4. The application will process each prompt sequentially and display results.

#### Monitoring Metrics

- Elapsed Time: Total time spent on processing.
- Iterations: Number of iterations performed for the current prompt.

### Technical Details

#### Project Structure

```
project-root/
├── Dockerfile # Containerization setup
├── main.go # Backend Go application
├── static/ # Frontend assets (CSS, JS)
├── imgs/
├── templates/
│ └── index.html # Frontend HTML template
├── go.mod # Go module dependencies
├── go.sum # Go module checksums
└── modules/ # Core modules for LLM processing and utilities
├── compiler/
├── compiler_v2/
│ ├── consts/ # Constants for compiler configurations
│ ├── go_compiler_v2/ # Go-specific compiler logic
│ ├── platform/ # Cross-platform handling
│ ├── rust_compiler_v2/ # Rust-specific compiler logic
│ └── utils/ # Utility functions for compiler operations
├── database/
│ ├── db.go # Database logic and configuration
│ └── test_db.go # Unit tests for database interactions
├── display-indicator/
│ └── indicator.go # Display indicators and loading animations
├── extraction/
│ ├── extract.go # Extraction logic for code from LLM response
│ └── extract_test.go # Unit tests for extraction functions
└── ollama-implementation/
├── ollama.go # Ollama API interaction logic
└── ollama_test.go # Unit tests for Ollama API functions
```

## Screenshots

### Main Interface with Prompt Input and Model Selection

![Main Interface with Prompt Input and Model Selection](static/imgs/img1.png)
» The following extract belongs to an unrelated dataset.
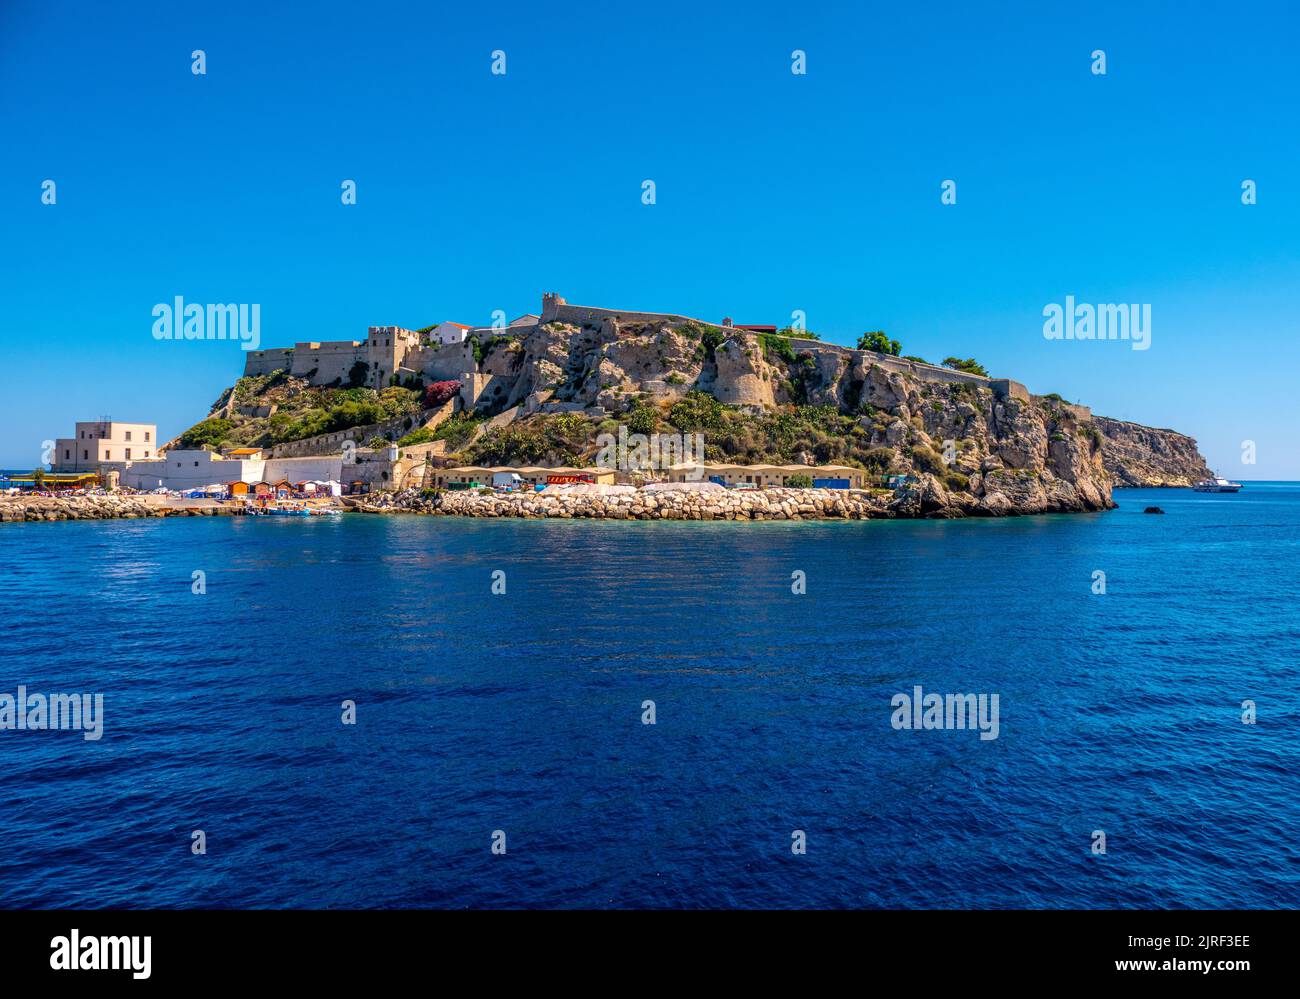 Isole Tremiti Insel San Nicola in Gargano Apulien - Italien Stockfoto

### Model Selection Dropdown

![Model Selection Dropdown](static/imgs/img4.png)

### Code Generation Process with Main Code and Test Code Sections

![Code Generation Process with Main Code and Test Code Sections](static/imgs/img2.png)

### Detailed Output with Compiler Messages

![Detailed Output with Compiler Messages](static/imgs/img3.png)

### License

## License

This project is licensed under the MIT License. See the [LICENSE](LICENSE) file for details.